For the sequencing analysis, raw data was filtered and trimmed using trimgalore (v 0.4.1). Tophat2 (v2.1.1) was used to map the filtered reads to human genome hg 19 guided by Gencode annotation release 29. The feature counts from the Subread package (v 1.6.1) was used to quantify the number of reads mapping to each gene in Gencode annotation release 29, containing both mRNA and various lncRNA genes. Filtered reads were first mapped to human tiRNA sequences. If mapping was not possible, the reads were mapped to human miRNA sequences. Reads not mapping to miRNAs were mapped to other relevant transcriptomes.

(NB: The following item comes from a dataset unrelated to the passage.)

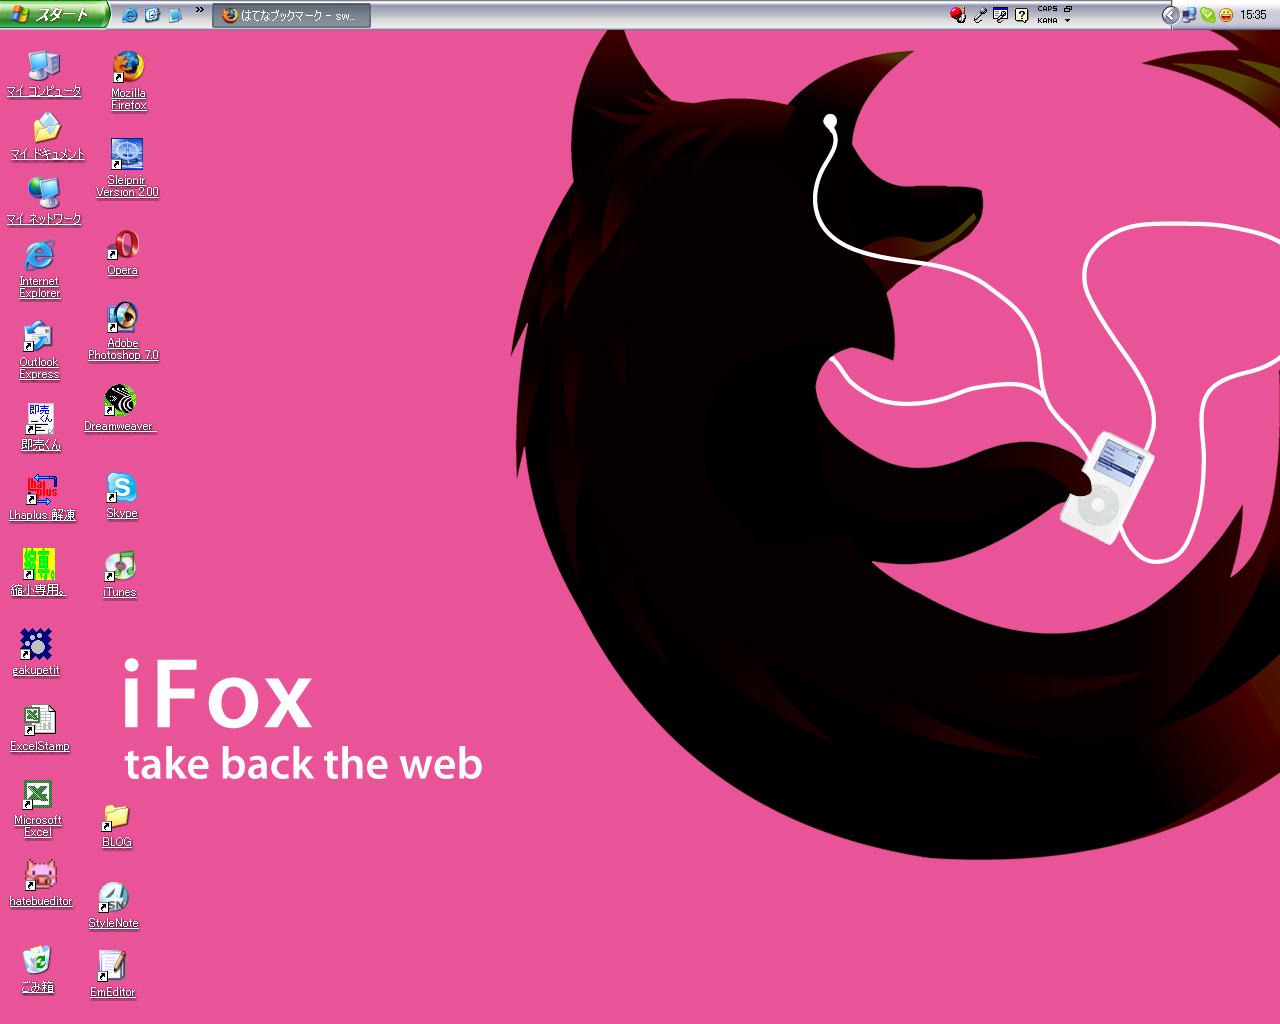 Ipod Firefoxの壁紙 Love Design

Remaining reads still not mapping were mapped to the human genome (hg19). This was done to assay which RNA species were sequenced in the study. The miRNA mapping reads were deduplicated, meaning identical reads with identical unique molecular identifiers were collapsed to a single read. This is done to remove PCR duplicates and has an enormous impact on very low input samples as PCR bias increases with low input given the extra PCR cycles needed to attain viable sequencing libraries. The deduplicated miRNA read counts were subjected to differential expression analysis using DESeq2 in R.

Results

Unconditioned media

Samples from unconditioned media were analyzed by RT-q-PCR. The resulting C_t^PPC value was 19 ± 2 for all 16 samples as required, confirming that the RNA was of sufficiently high quality, the cycling program was run correctly, and the thresholds were correctly defined (miRTC ΔC_t (AVG C_t^miRTC – AVG C_t^PPC) < 2) for all samples except samples 1 (2.44) and 2 (2.41), which were excluded, confirming that there was no inhibition of the reverse transcription reaction in the remaining samples. The spike-in (C. elegans miR-39 miRNA mimic) was detected equally in all samples.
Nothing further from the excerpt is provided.